4. To automatically attach the volume at /mnt/vol1, create the directory with the following command:

sudo mkdir /mnt/vol1

5. Add an entry in the /etc/fstab with the following format to automatically mount the block volume after reboot:

UUID=3c378562-2bbe-4641-a508-34797d3e198e /mnt/vol1 xfs defaults,_netdev,nofail 0 2

The xfs option is the filesystem type you set when you created the filesystem. The _netdev option is to configure the mount process to initiate before the volumes are mounted. The nofail option is to prevent an issue when you create a custom image of an instance where the volumes, excluding the root volume, are listed in the /etc/fstab file, instances will fail to launch from the custom image.

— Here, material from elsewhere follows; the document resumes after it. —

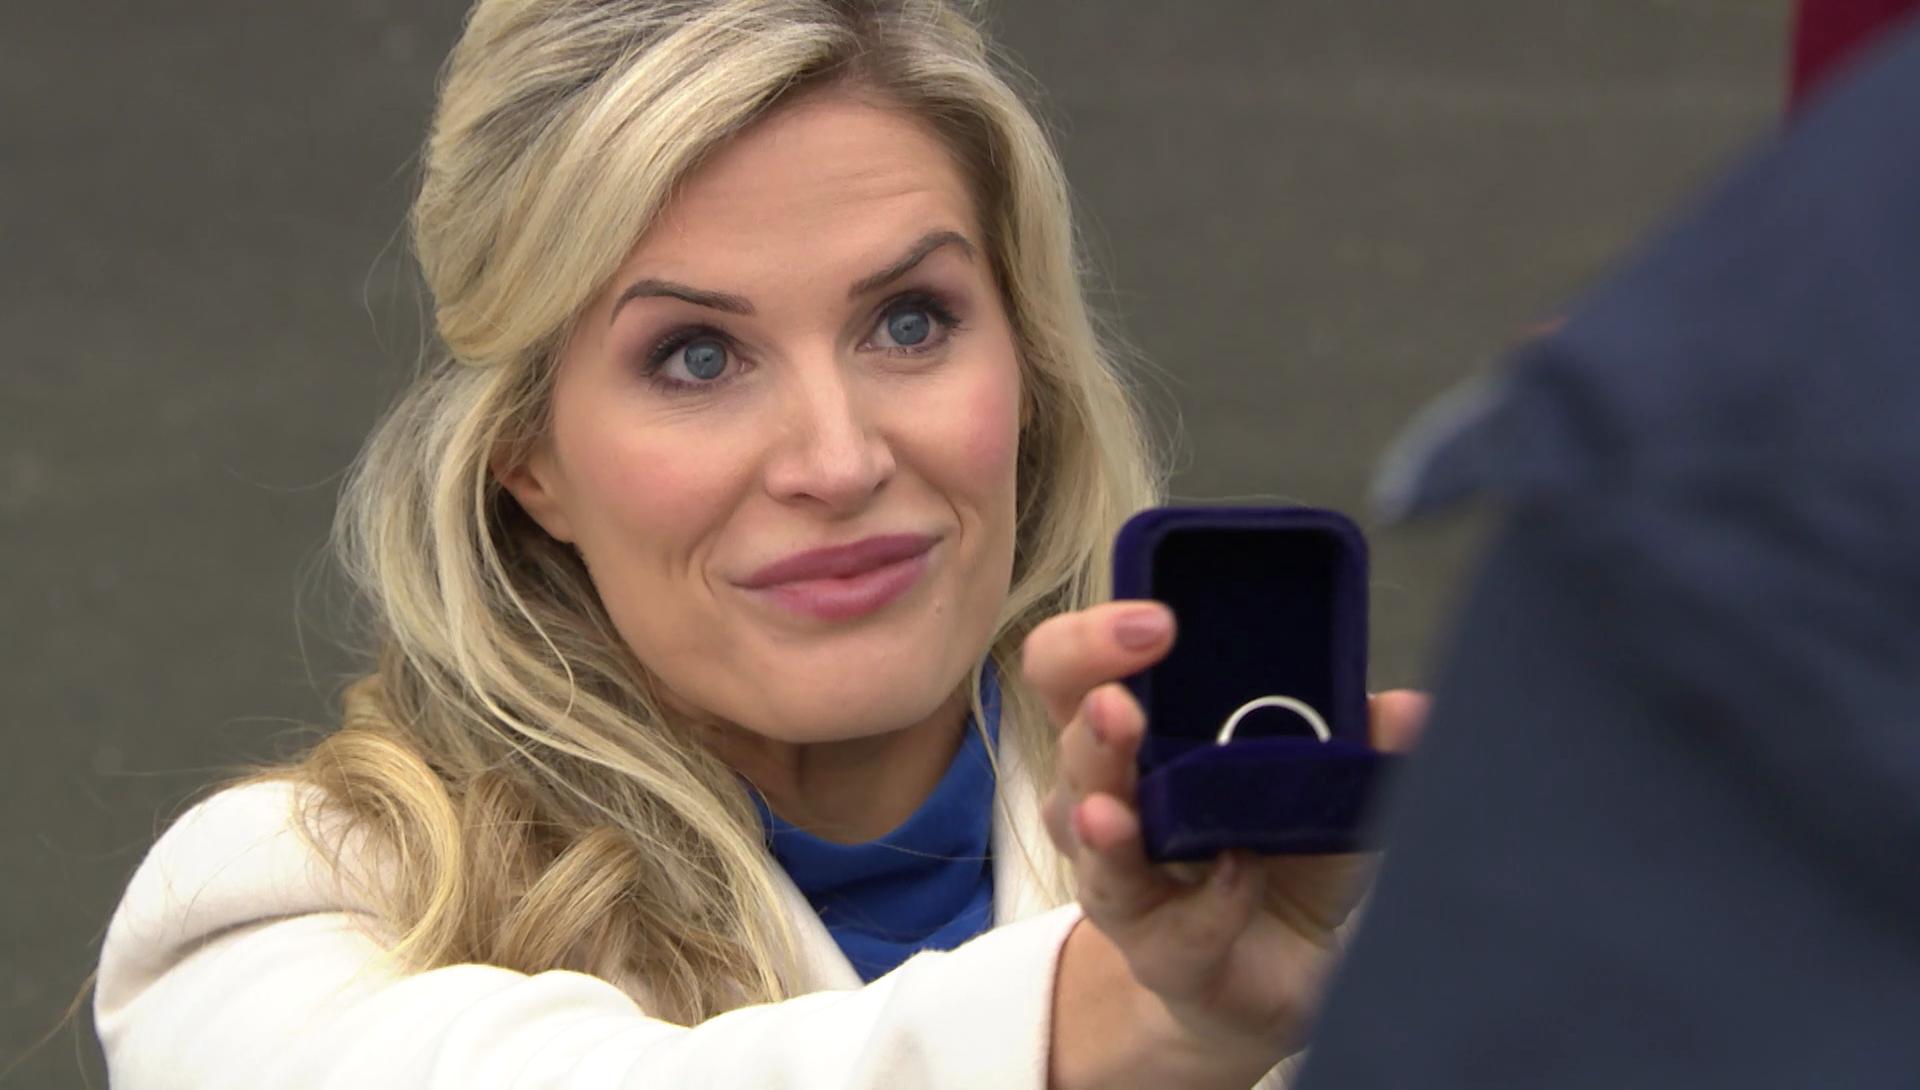 Mandy proposes

6. Run the following command to update the systemd after you modified the fstab:

sudo systemctl daemon-reload

7. Mount the volume by running the following commands to mount and check if the volume has been mounted:

sudo mount -a
lsblk

The output will look similar to the following:

sda                  8:0    0 46.6G  0 disk
├─sda1               8:1    0  100M  0 part /boot/efi
├─sda2               8:2    0    1G  0 part /boot
└─sda3               8:3    0 45.5G  0 part
  ├─ocivolume-root 252:0    0 35.5G  0 lvm  /
  └─ocivolume-oled 252:1    0   10G  0 lvm  /var/oled
sdb                  8:16   0   60G  0 disk
└─sdb1               8:17   0   60G  0 part /mnt/vol1

8. You can test if the volume is mounted by restarting the instance and run the lsblk command.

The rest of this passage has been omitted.